§ Work request
Please output all of the entries exactly and omit any images they hold.

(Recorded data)

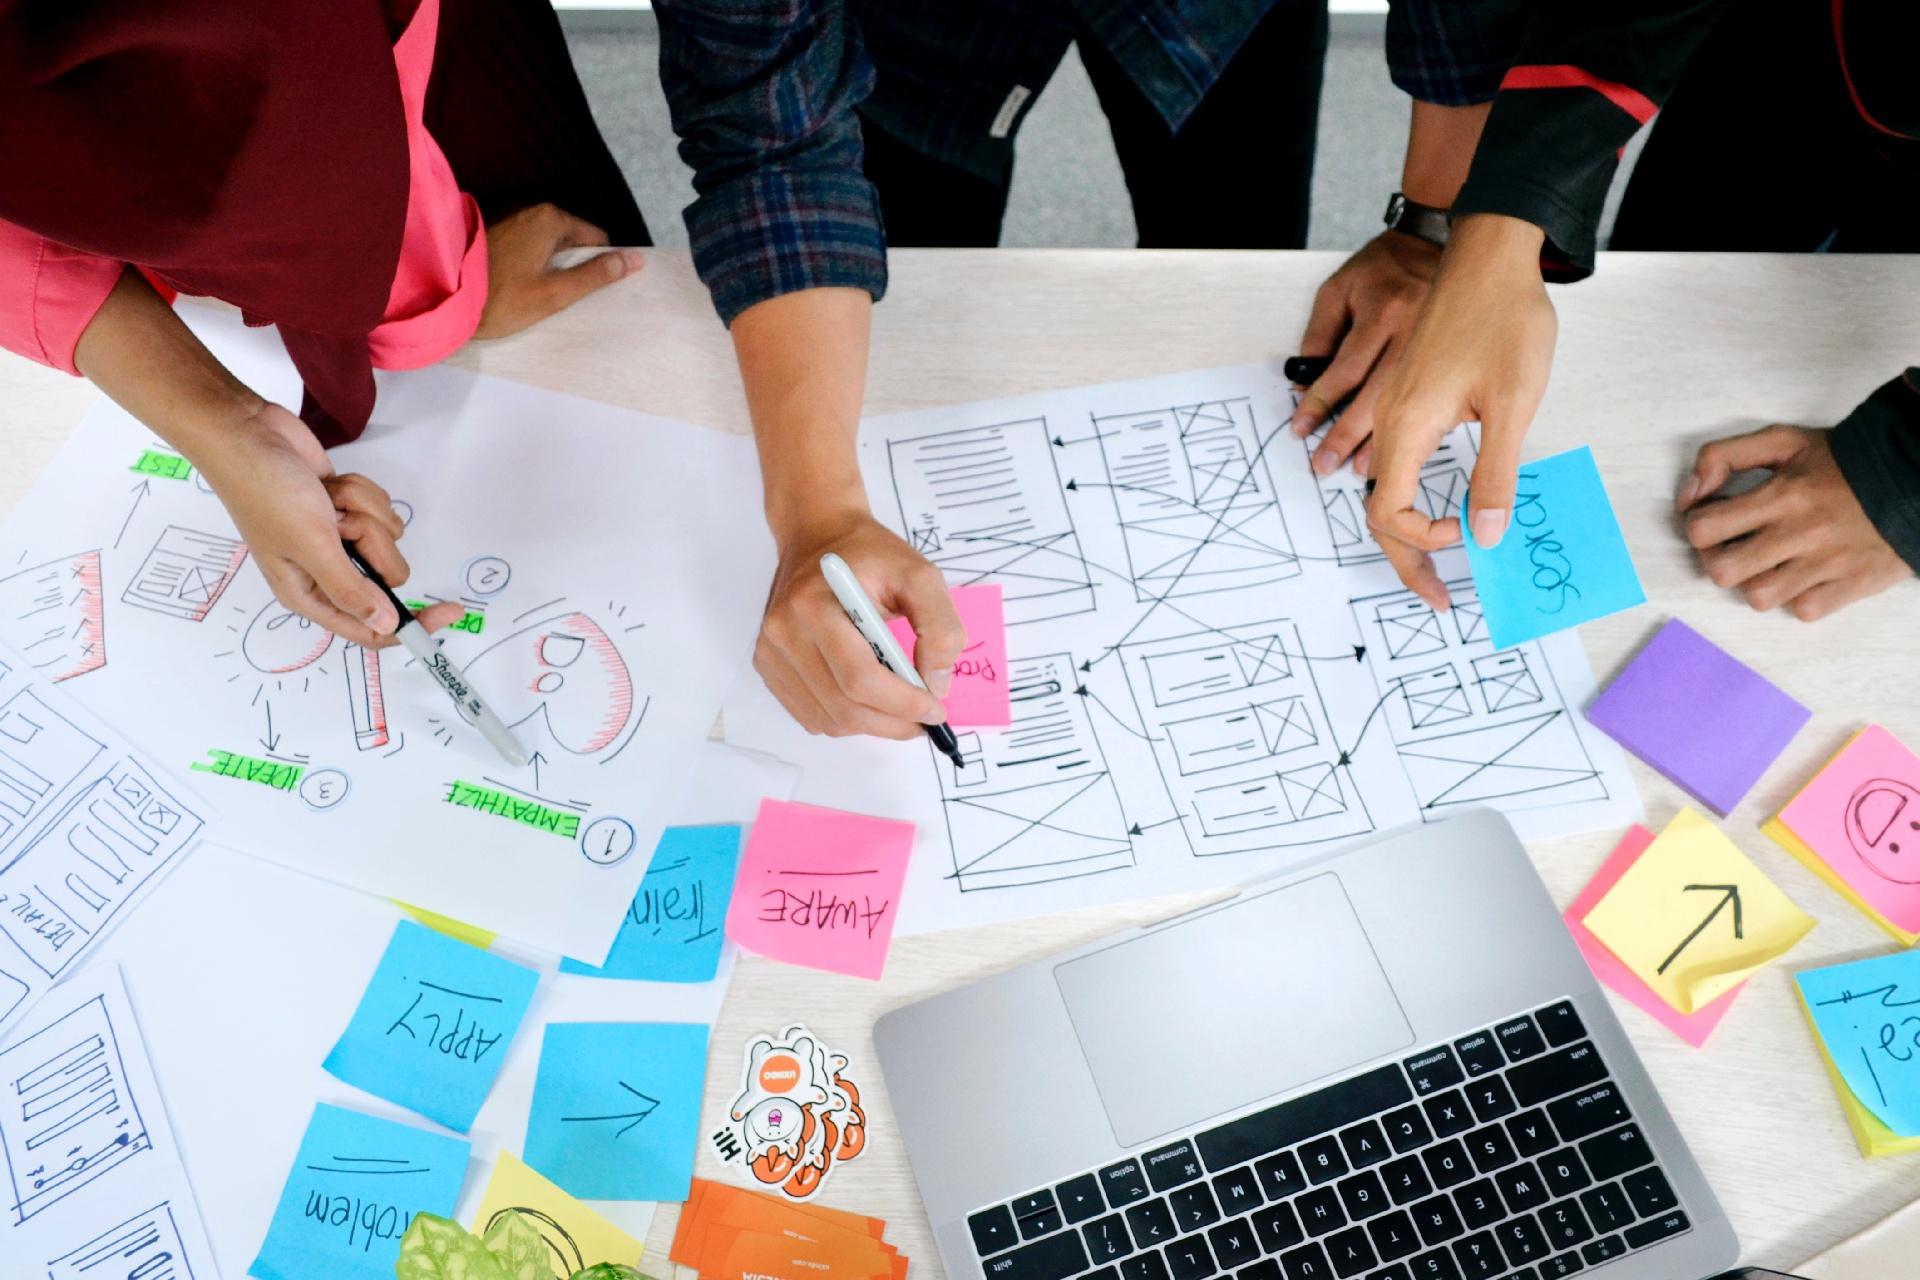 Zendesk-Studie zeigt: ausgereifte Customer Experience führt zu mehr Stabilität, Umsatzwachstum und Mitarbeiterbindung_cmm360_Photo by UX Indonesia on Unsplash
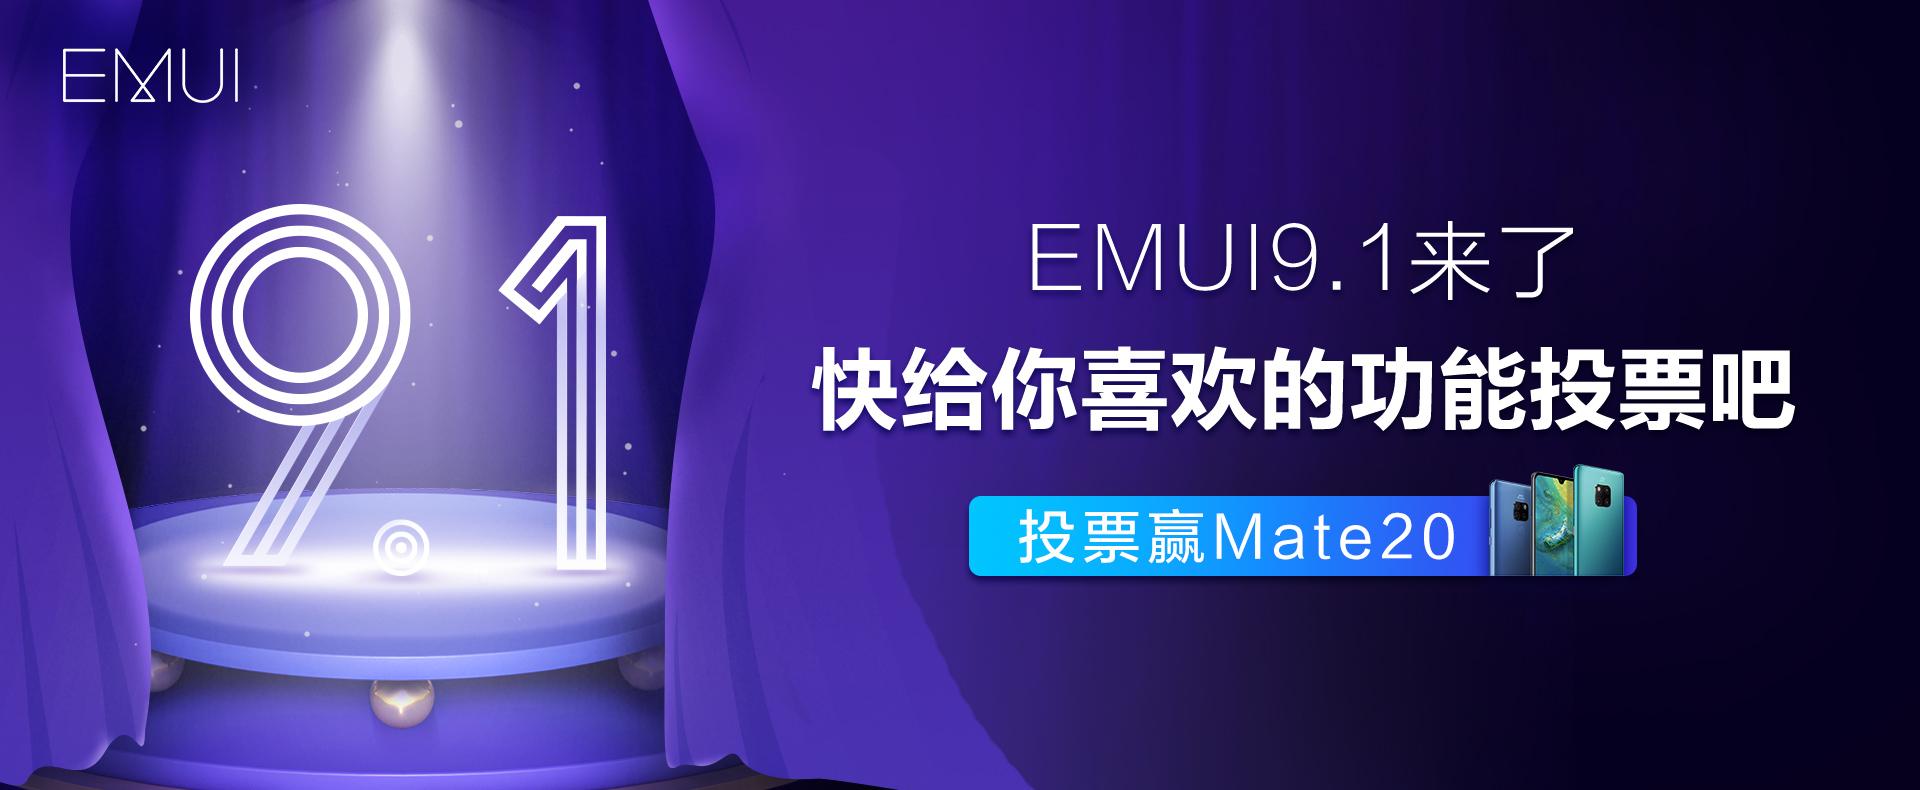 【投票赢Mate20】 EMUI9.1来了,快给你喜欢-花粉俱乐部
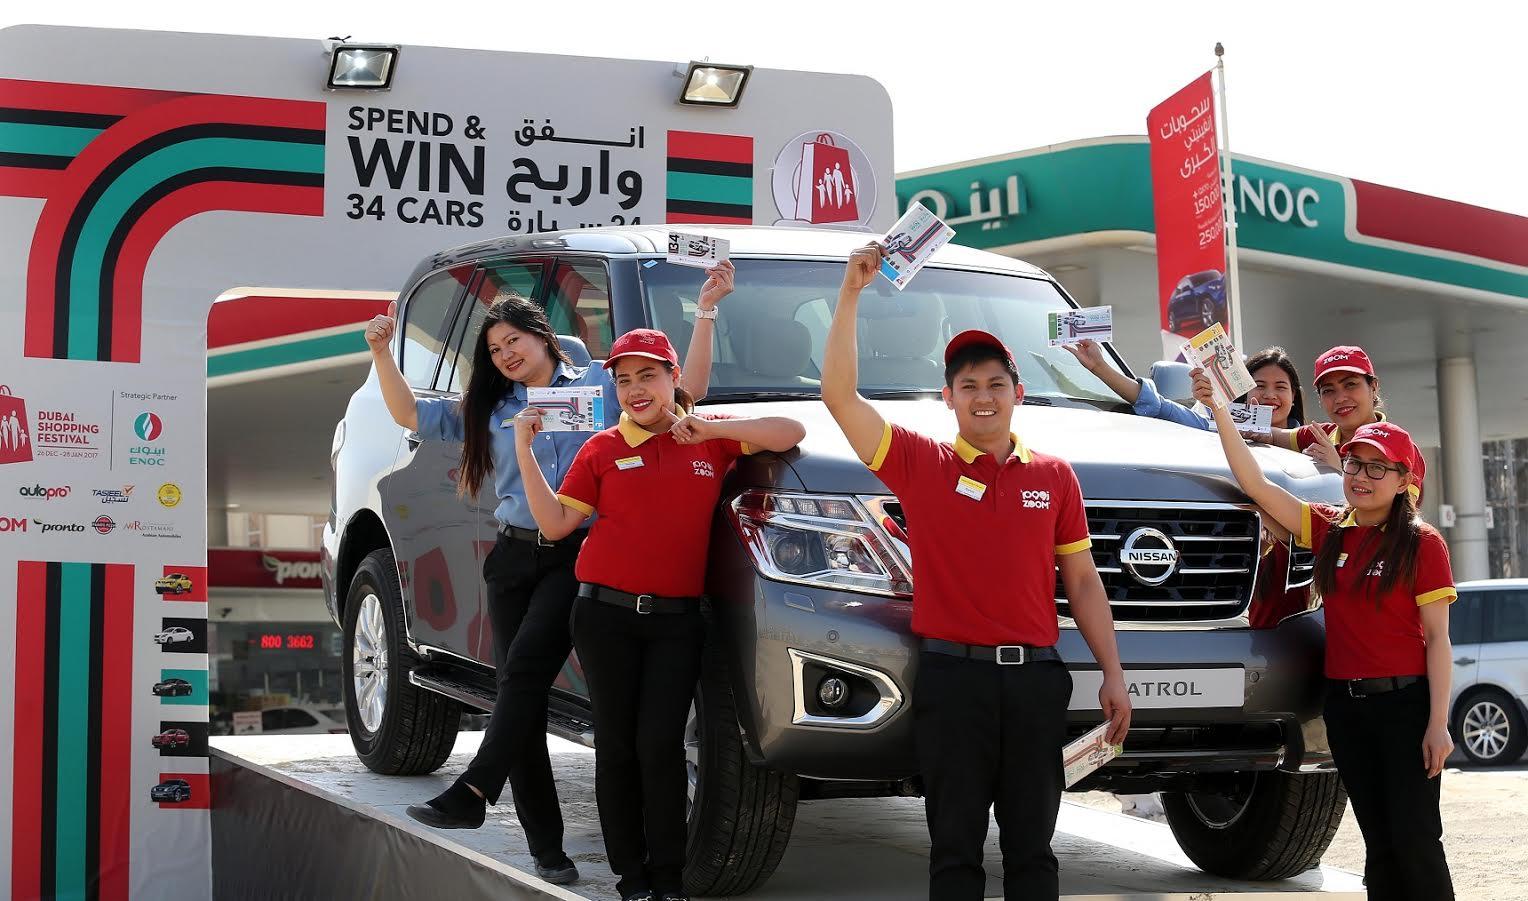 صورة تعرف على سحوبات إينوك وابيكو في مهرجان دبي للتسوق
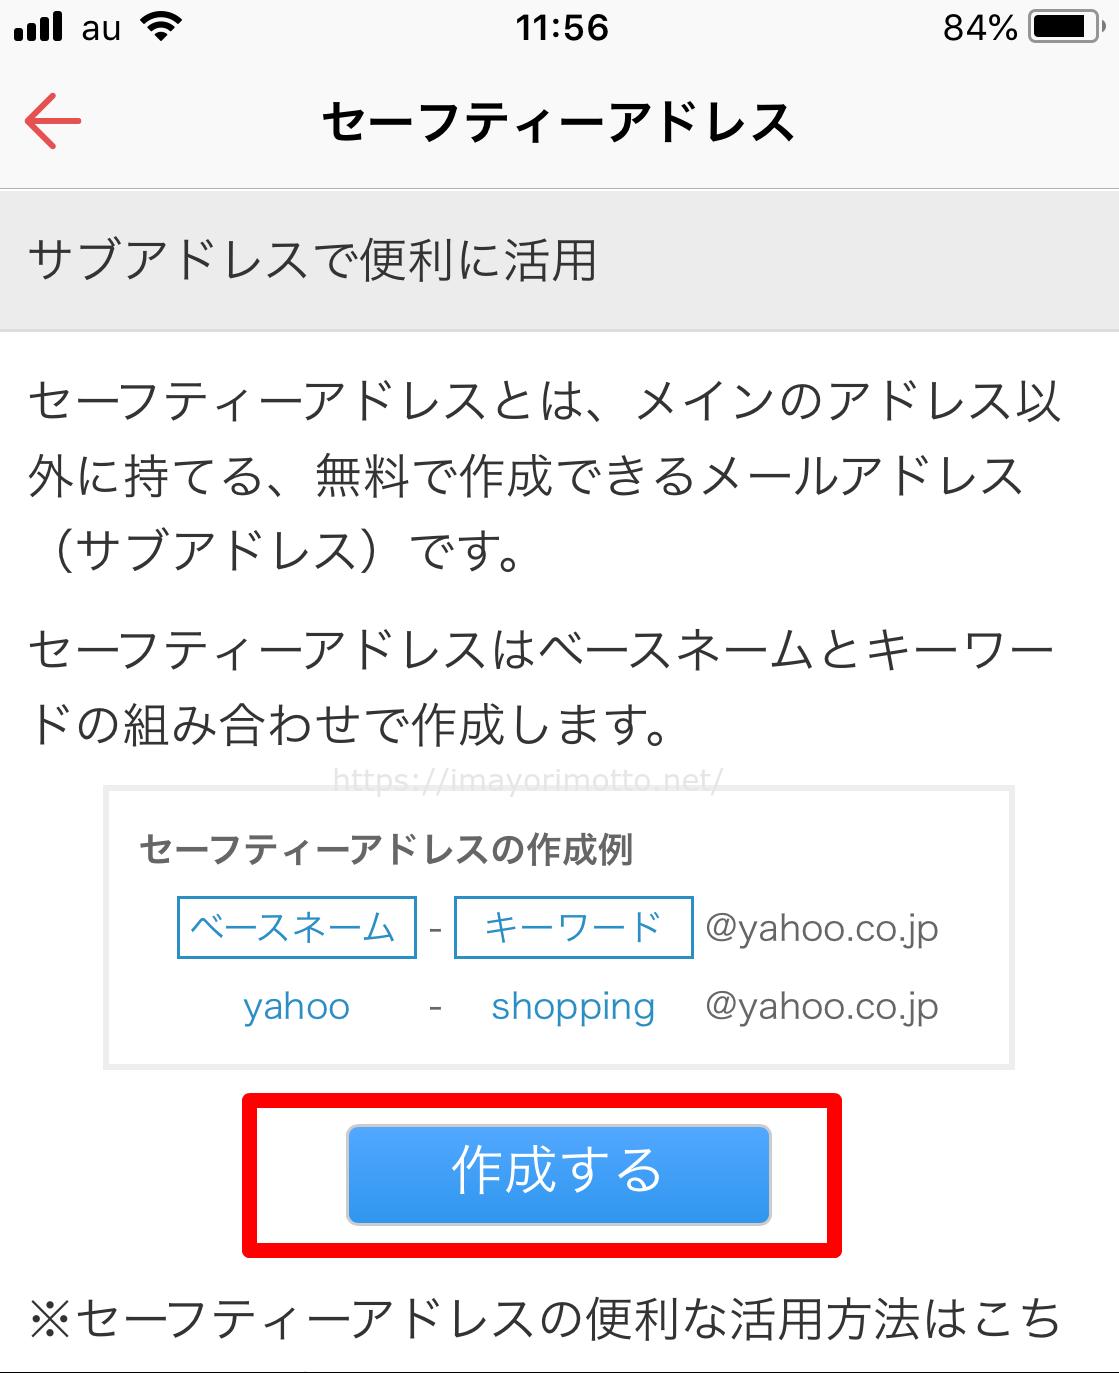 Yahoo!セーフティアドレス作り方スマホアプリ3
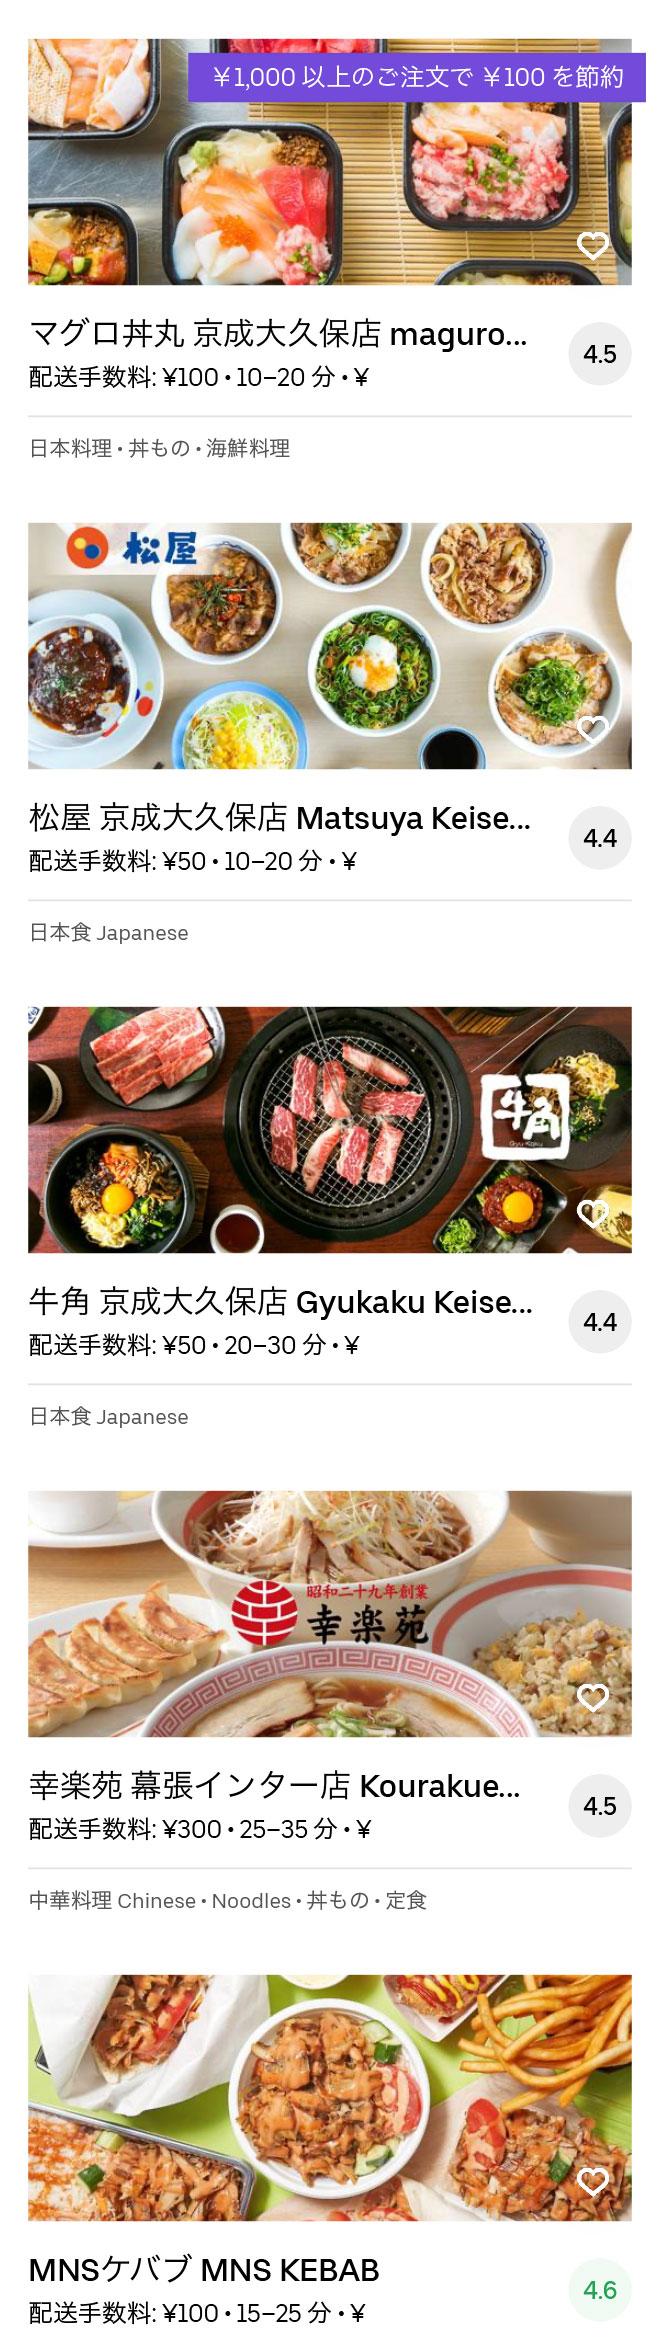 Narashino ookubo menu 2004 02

§ Exercise solution
 Zendesk-Studie zeigt: ausgereifte Customer Experience führt zu mehr Stabilität, Umsatzwachstum und Mitarbeiterbindung_cmm360_Photo by UX Indonesia on Unsplash
 【投票赢Mate20】 EMUI9.1来了,快给你喜欢-花粉俱乐部
 صورة تعرف على سحوبات إينوك وابيكو في مهرجان دبي للتسوق
 Yahoo!セーフティアドレス作り方スマホアプリ3
 Narashino ookubo menu 2004 02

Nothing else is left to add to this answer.